[Opening Collected data section]

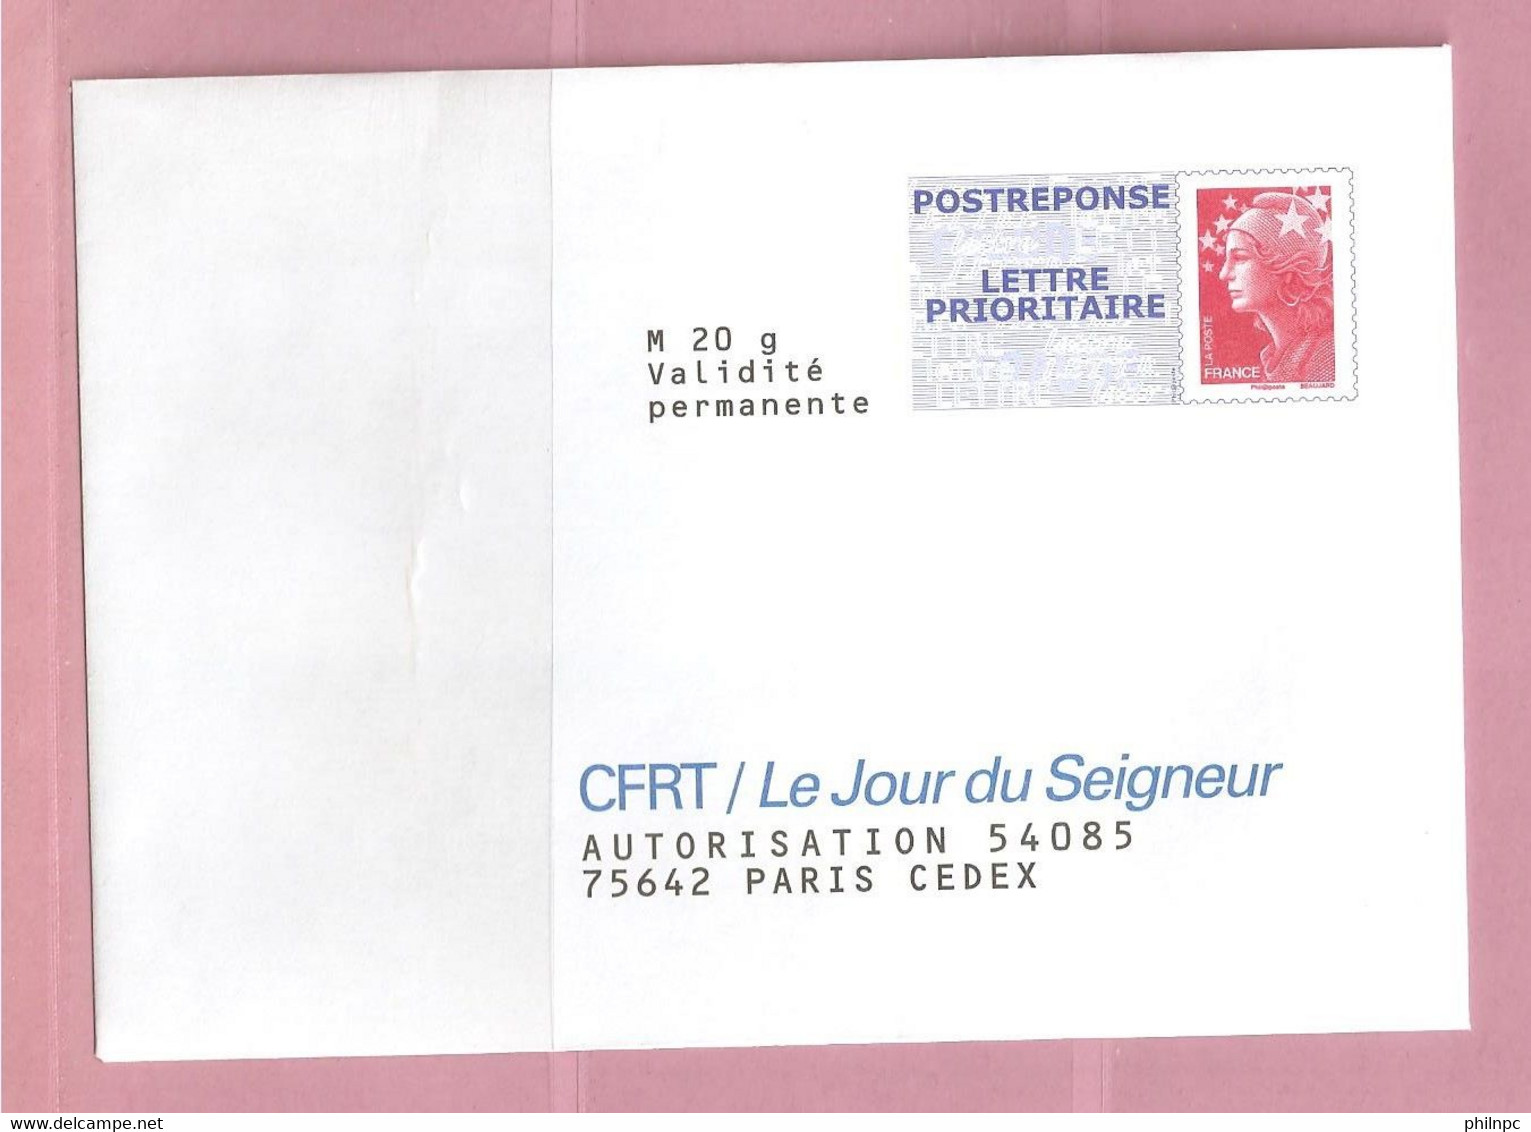 France, Prêt à Poster Réponse, 4230, Postréponse, CFRT Le Jour Du Seigneur, Marianne De Beaujard - Listos Para Enviar: Respuesta /Beaujard
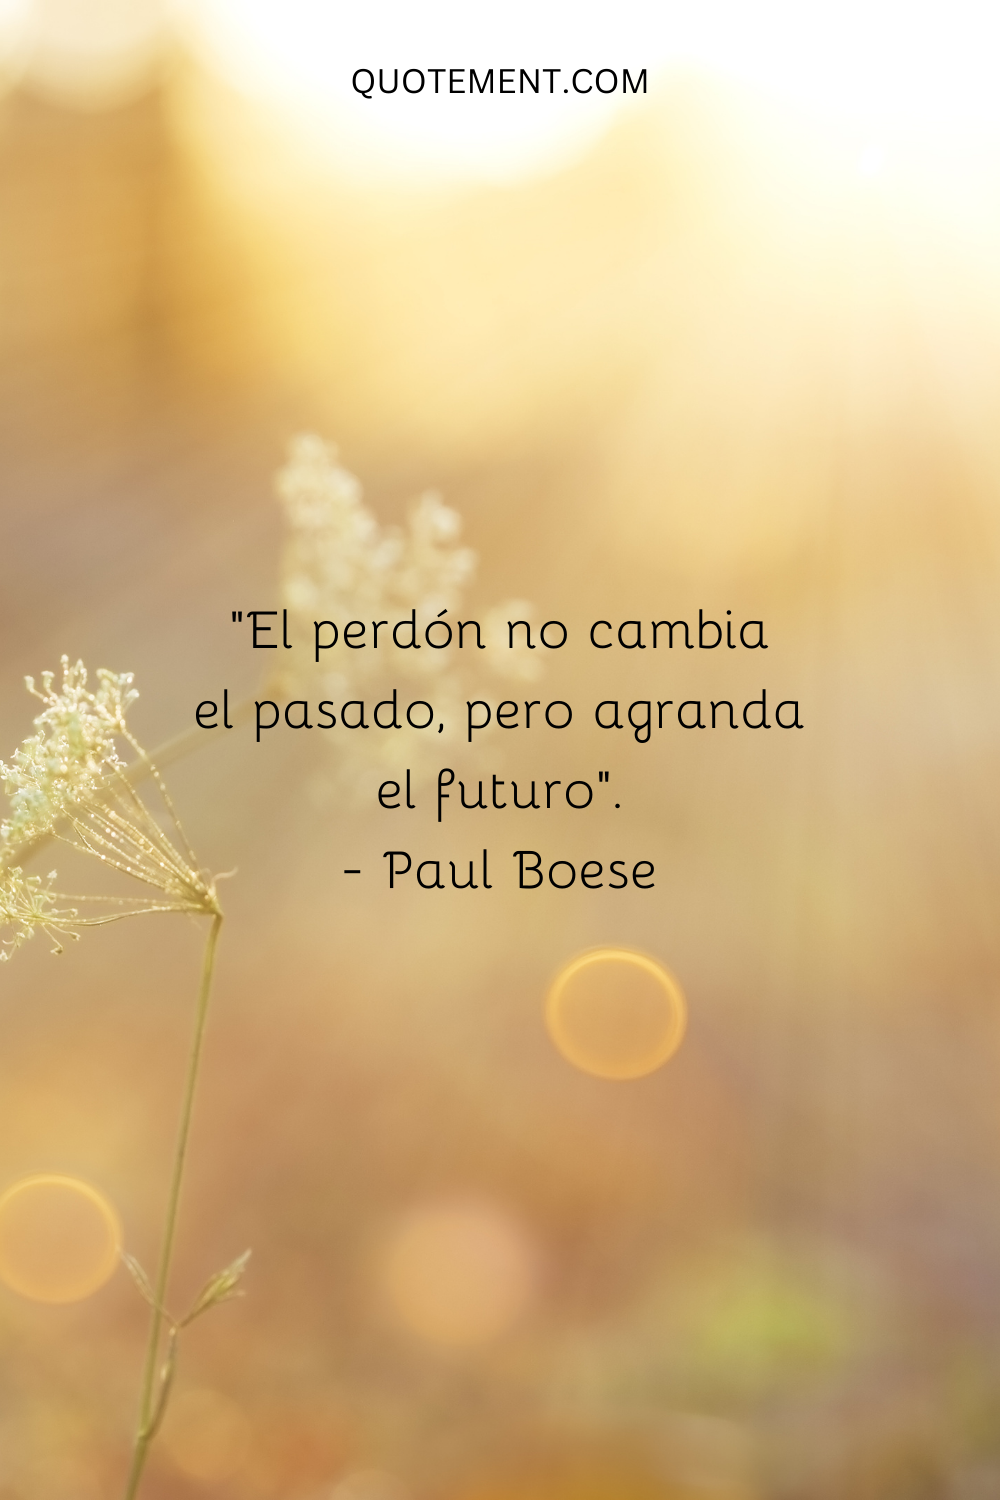 "El perdón no cambia el pasado, pero agranda el futuro". - Paul Boese
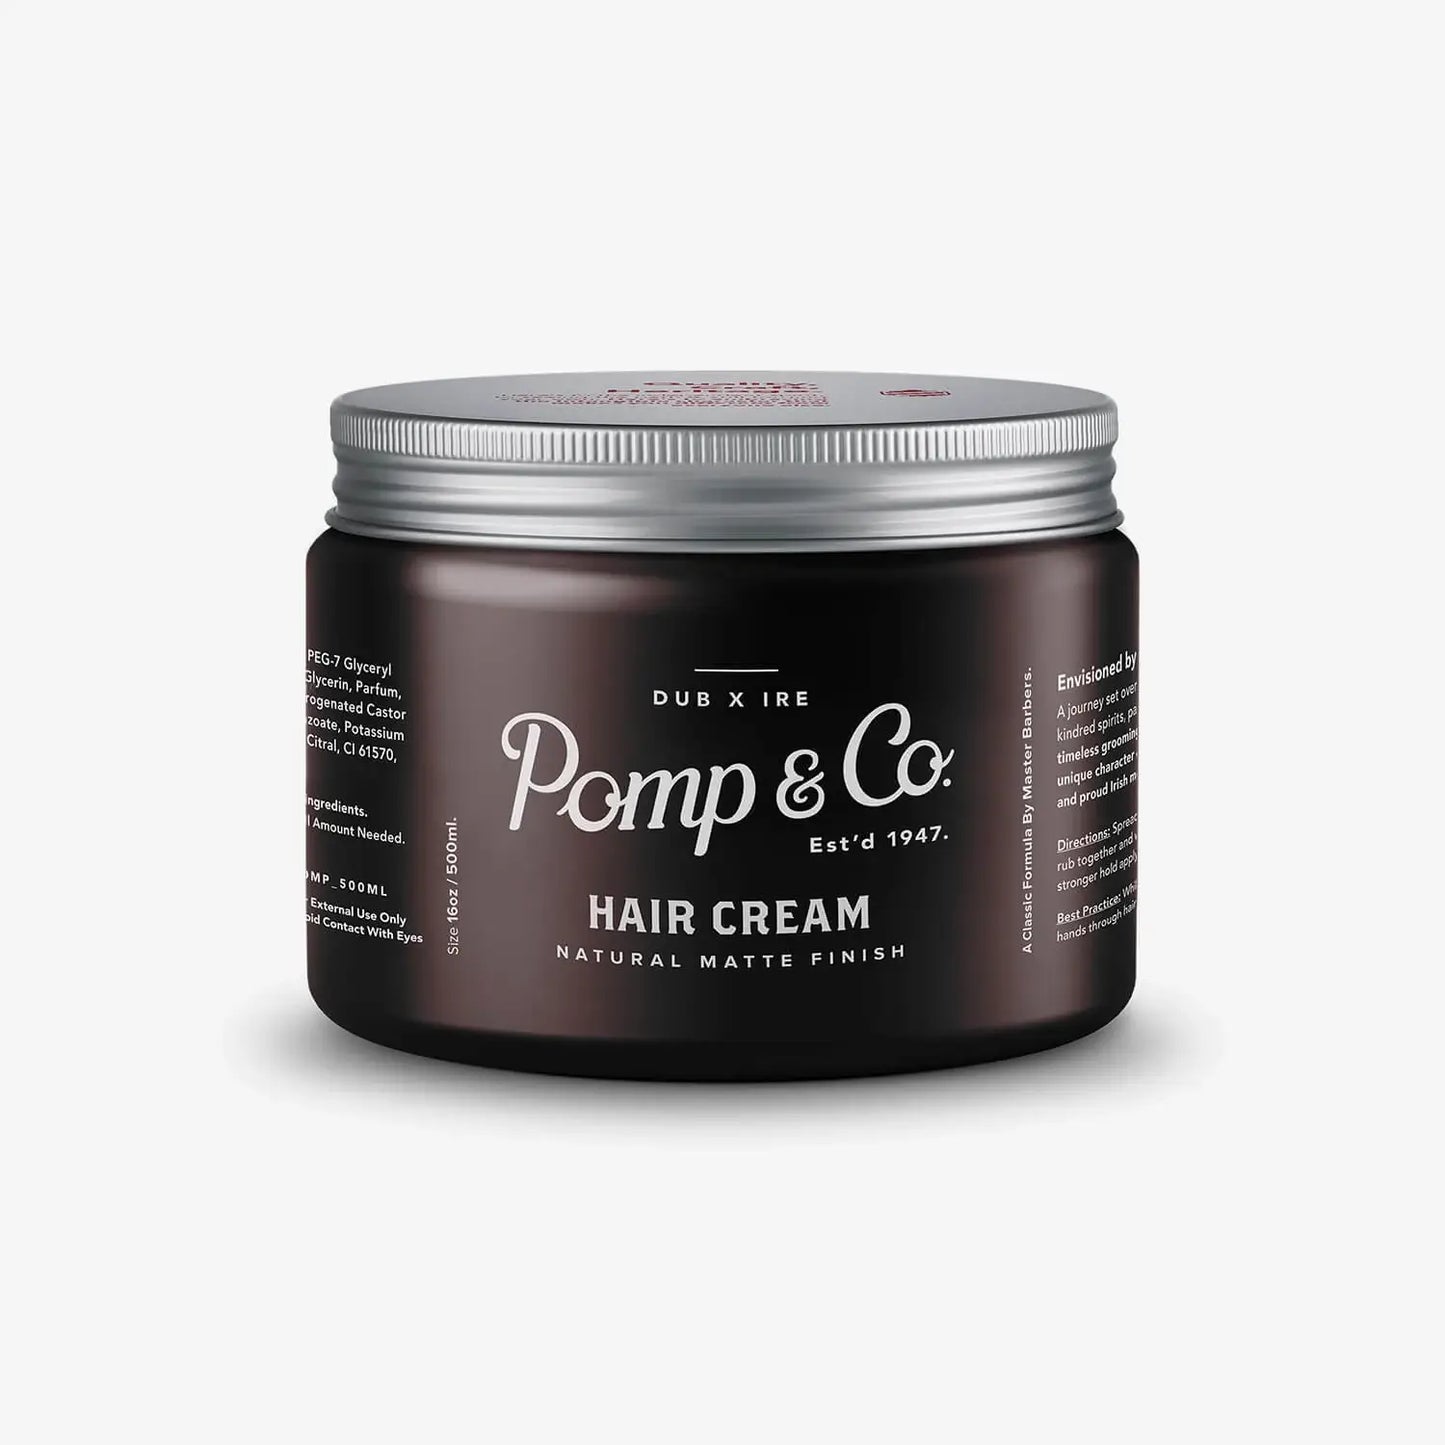 Pomp & Co Hair Cream 120ml / 500ml

[Closing Collected data section]

What to work on =
A verbatim transcript of the material above, with images dropped, is the expected output.

Expected answer =
 France, Prêt à Poster Réponse, 4230, Postréponse, CFRT Le Jour Du Seigneur, Marianne De Beaujard - Listos Para Enviar: Respuesta /Beaujard
 "El perdón no cambia el pasado, pero agranda el futuro". - Paul Boese
 Pomp & Co Hair Cream 120ml / 500ml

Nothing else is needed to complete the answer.